David came back from a work trip to Nashville last fall and wouldn't shut up about the chicken. 'You could make this.' He said it four times. So I did — and then I made it again the next week, and the week after that, until Mia started calling Tuesday 'hot chicken night.'
The trick isn't the heat. Any recipe can be spicy. The trick is the sweet-smoky paste you brush on after frying — hot oil from the fryer mixed with cayenne and brown sugar. That's what makes it Nashville and not just fried chicken with red pepper flakes. The oil carries the spice into every crevice of that craggy breading, and the brown sugar adds a barely-there sweetness that makes your brain say more instead of stop.
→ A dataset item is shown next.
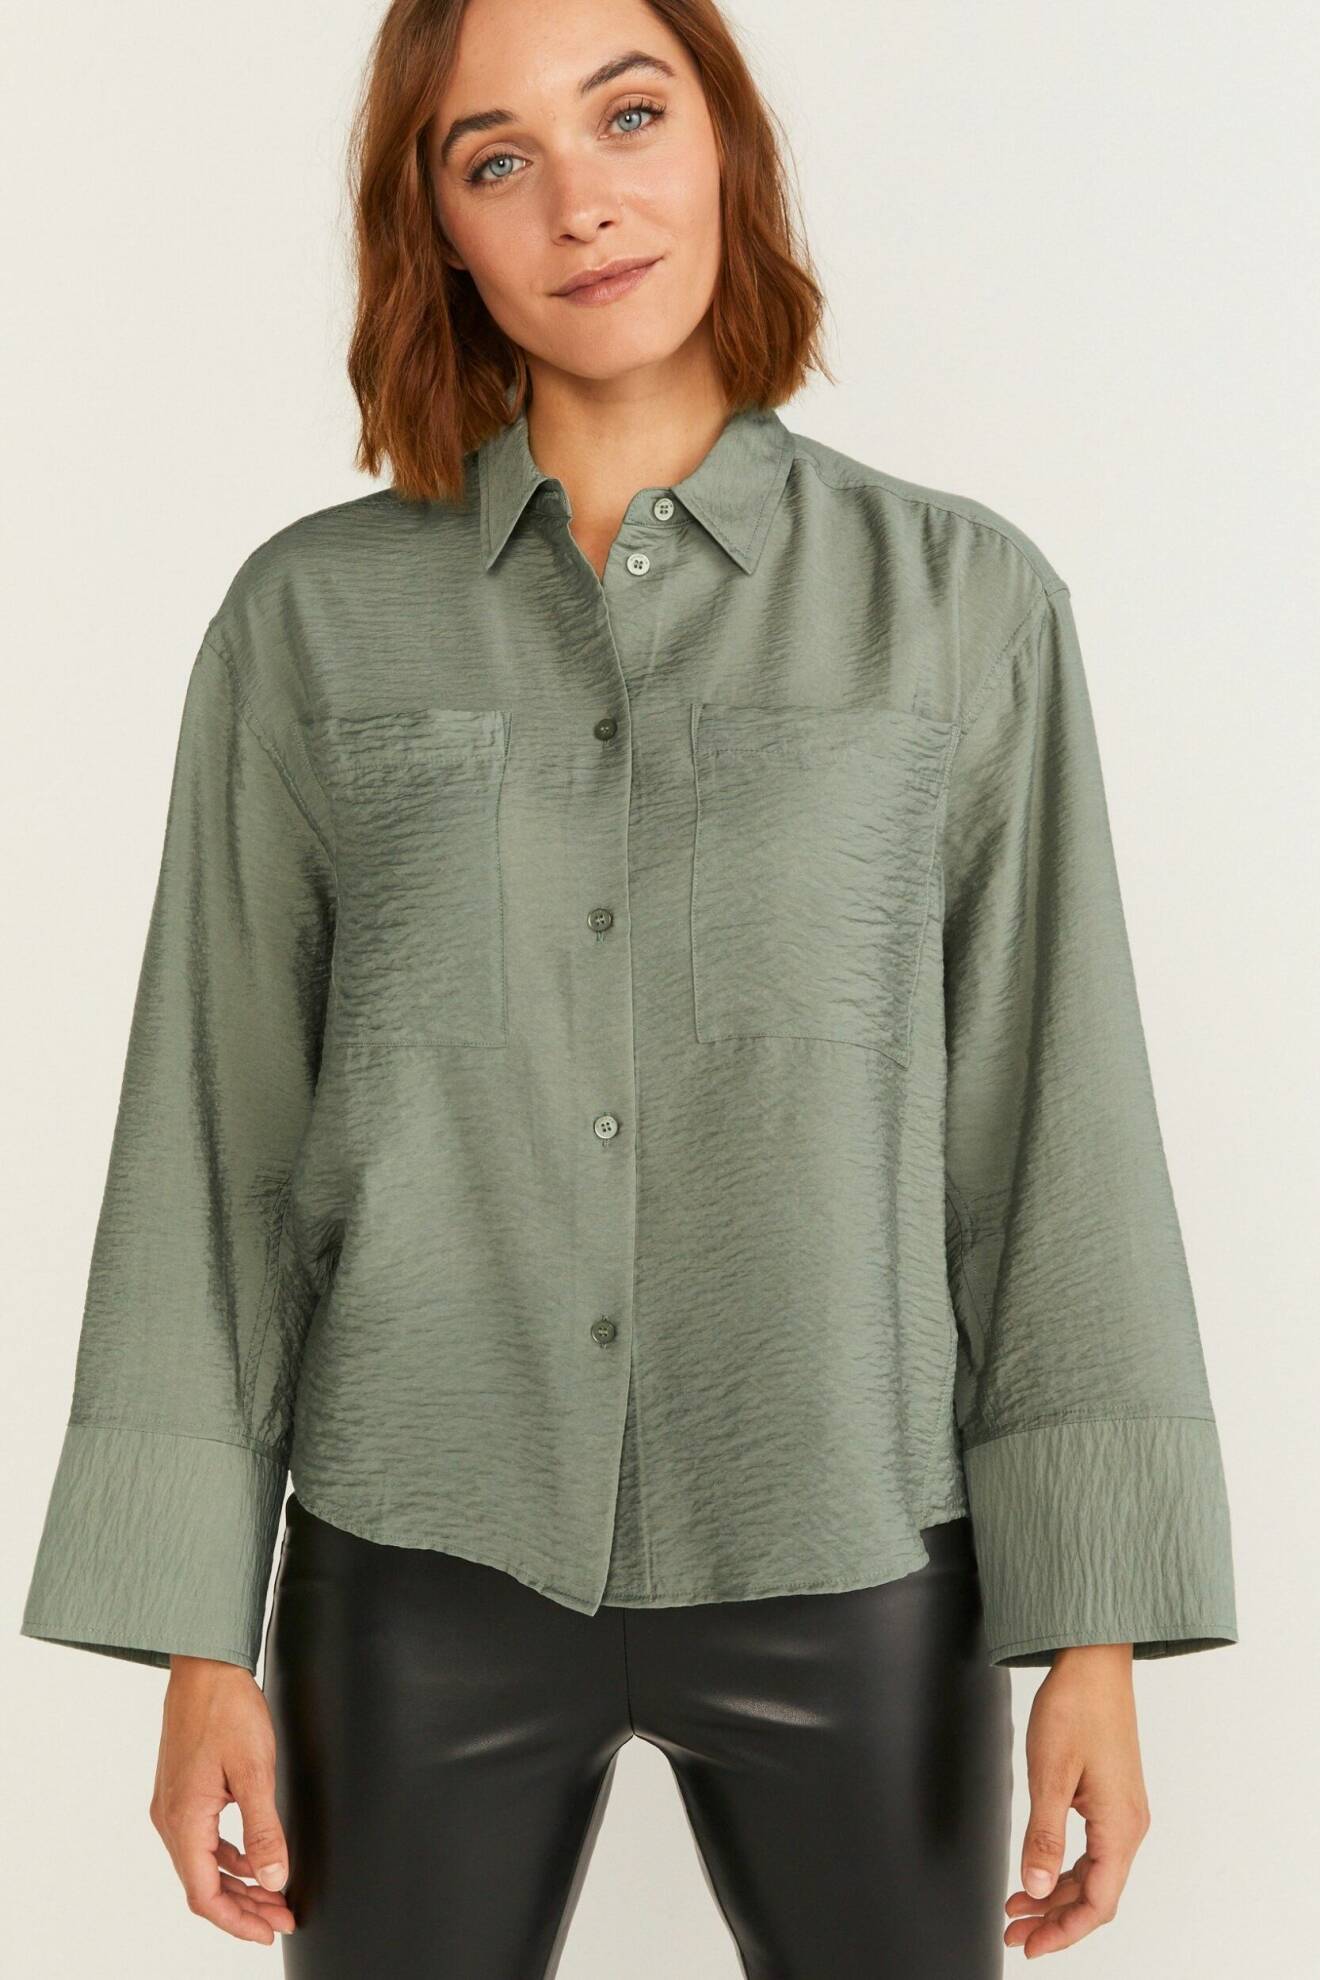 grön skjortblus med bröstfickor och långa ärmar från Stockh lm Studio
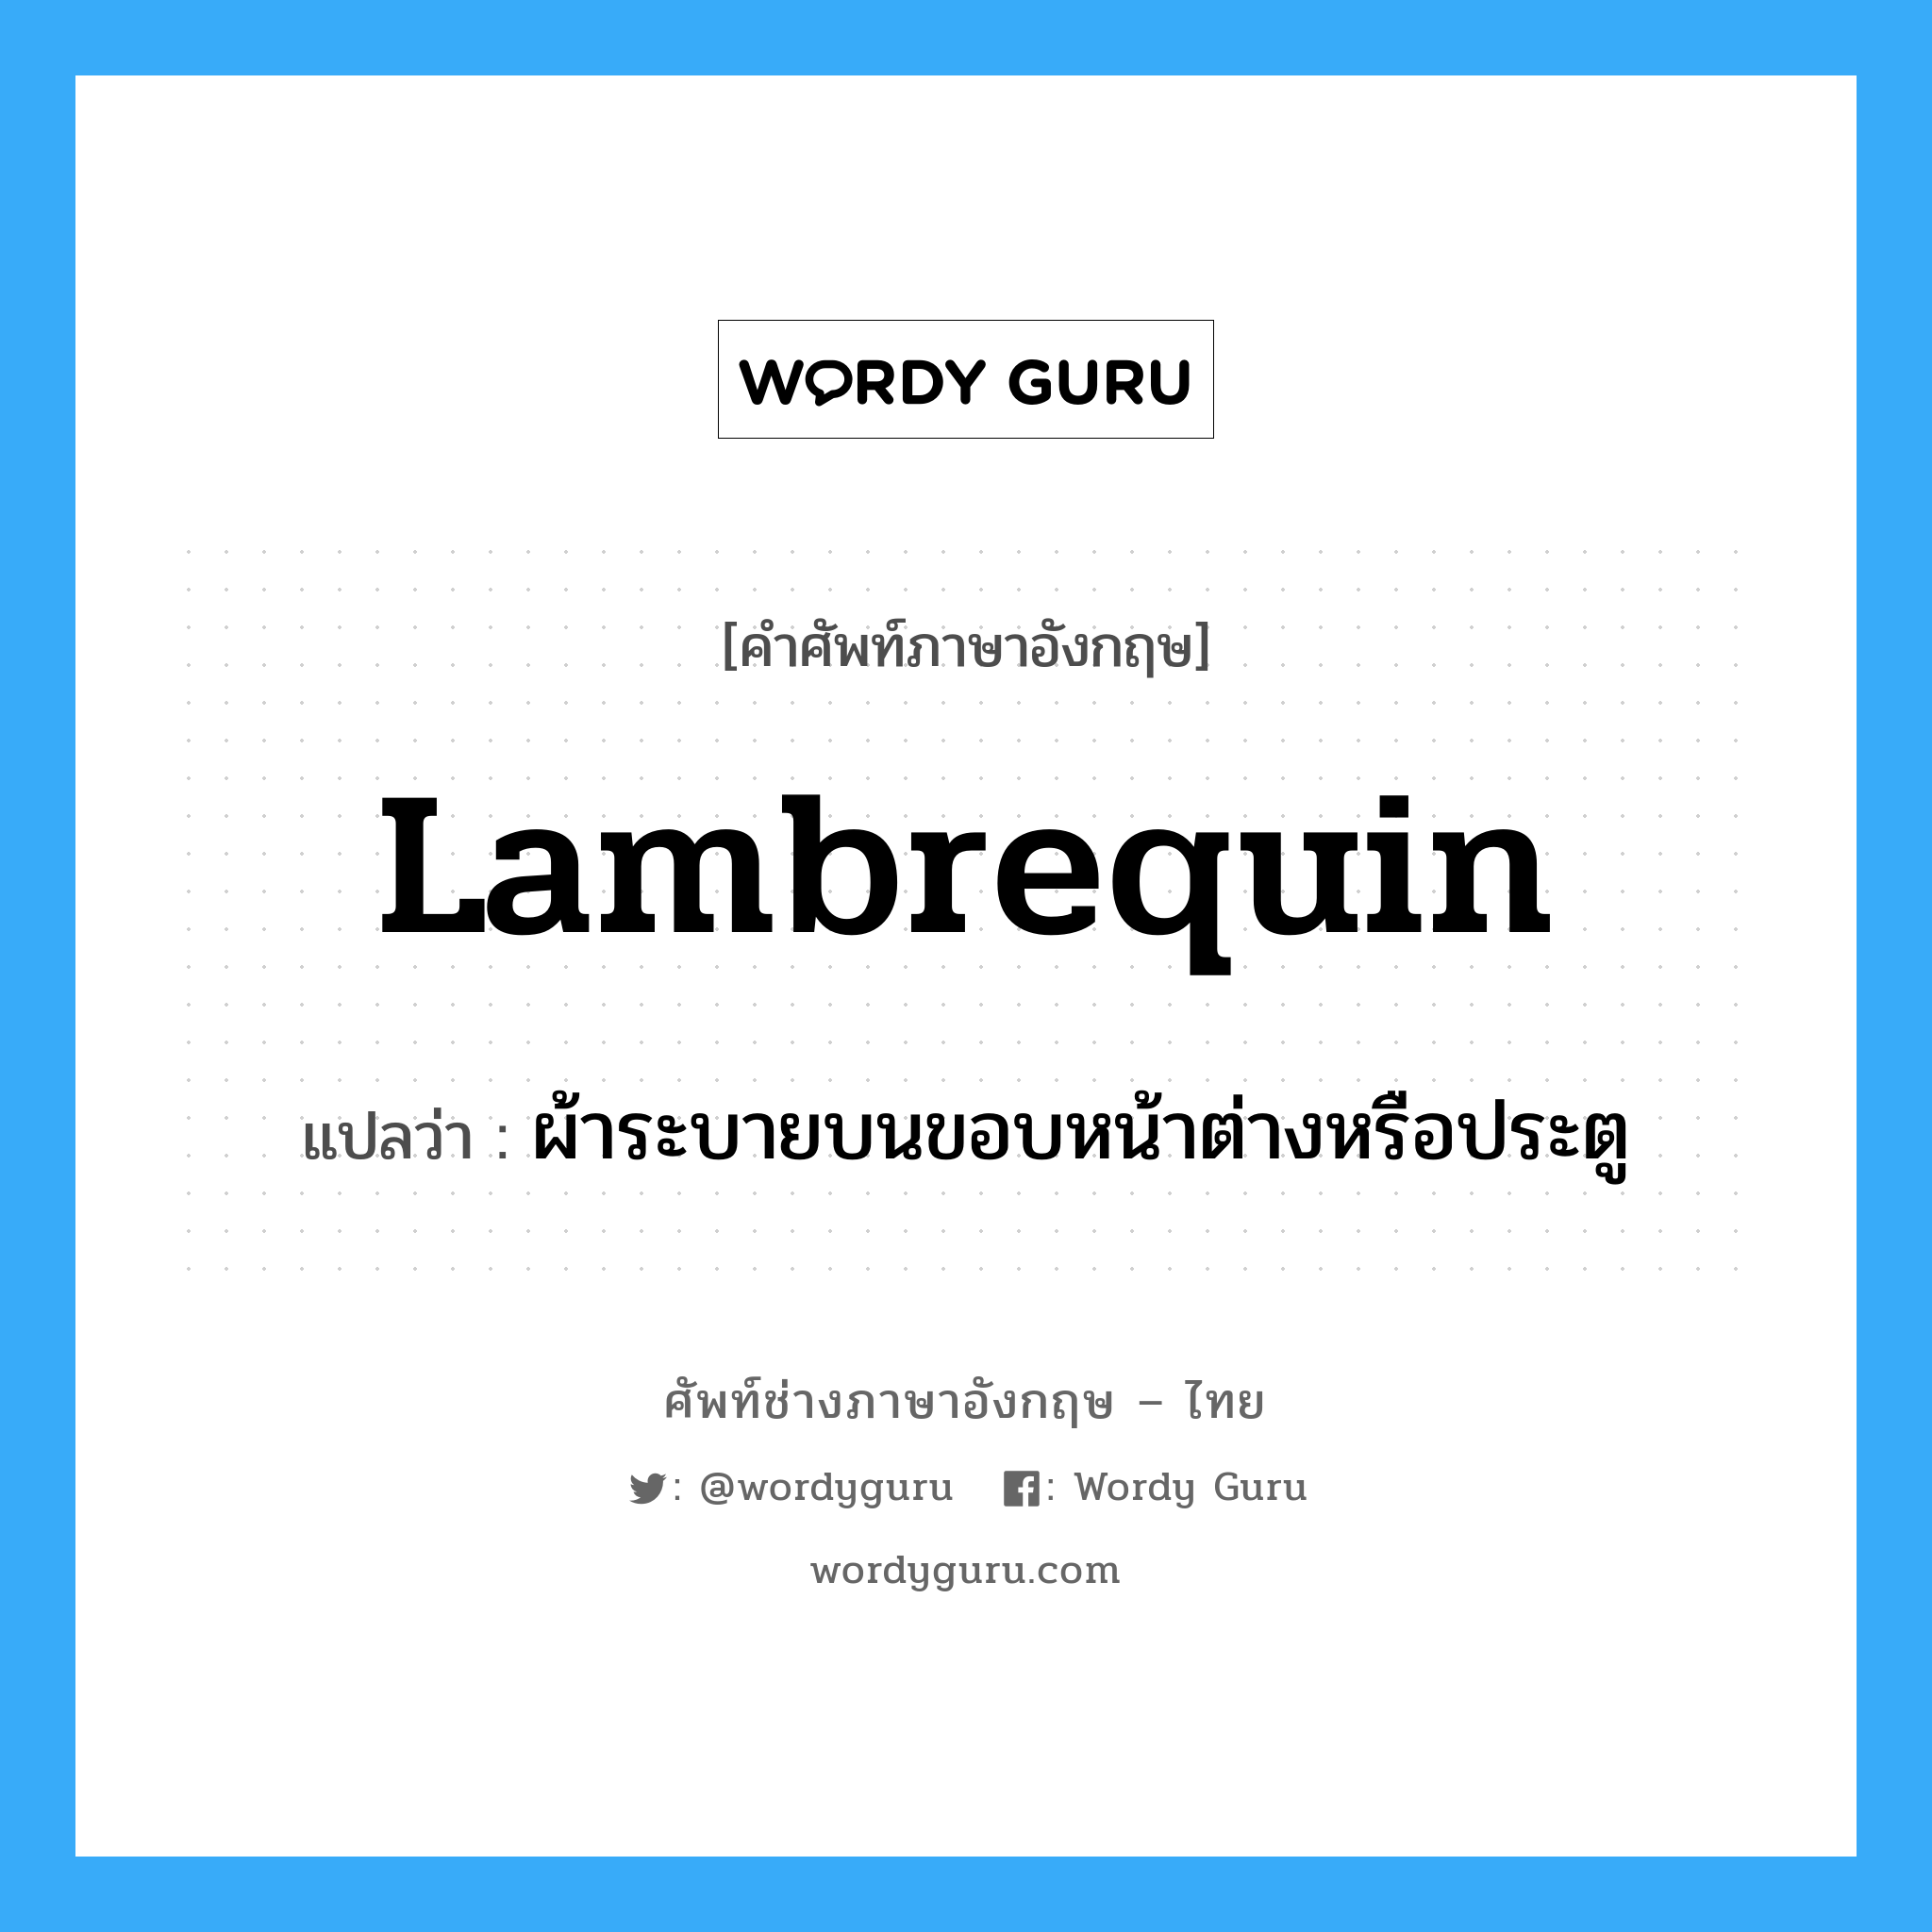 lambrequin แปลว่า?, คำศัพท์ช่างภาษาอังกฤษ - ไทย lambrequin คำศัพท์ภาษาอังกฤษ lambrequin แปลว่า ผ้าระบายบนขอบหน้าต่างหรือประตู

The double-dredge is where the magic happens. Flour, then back in the buttermilk, then flour again — pressing hard each time so you get those shaggy, irregular ridges that fry up into pure crunch. Don't be gentle. You want the coating to look messy and overbuilt before it hits the oil.
I let the coated tenders sit for 15 minutes before frying. It feels like doing nothing, but the flour hydrates against the wet buttermilk and locks on. Skip this step and half your breading ends up floating in the oil instead of on the chicken.
The paste goes on while everything is still screaming hot. You ladle a cup of the frying oil — the same oil that just cooked the chicken — into a bowl and whisk in the cayenne, brown sugar, and smoked paprika. It blooms the spices instantly. Brush it on thick. If your tenders aren't staining the white bread underneath, you haven't used enough.
Serve them the Nashville way — stacked on cheap white bread with pickle chips. The bread soaks up the spiced oil and becomes this soft, fiery, slightly greasy thing that's honestly the best part. David's running club demolished a double batch last Saturday. Jake texted from Austin asking for the recipe. I sent him a photo instead.

Mise en place
Ingredients
- about 10 chicken tenders (roughly 2 lbs)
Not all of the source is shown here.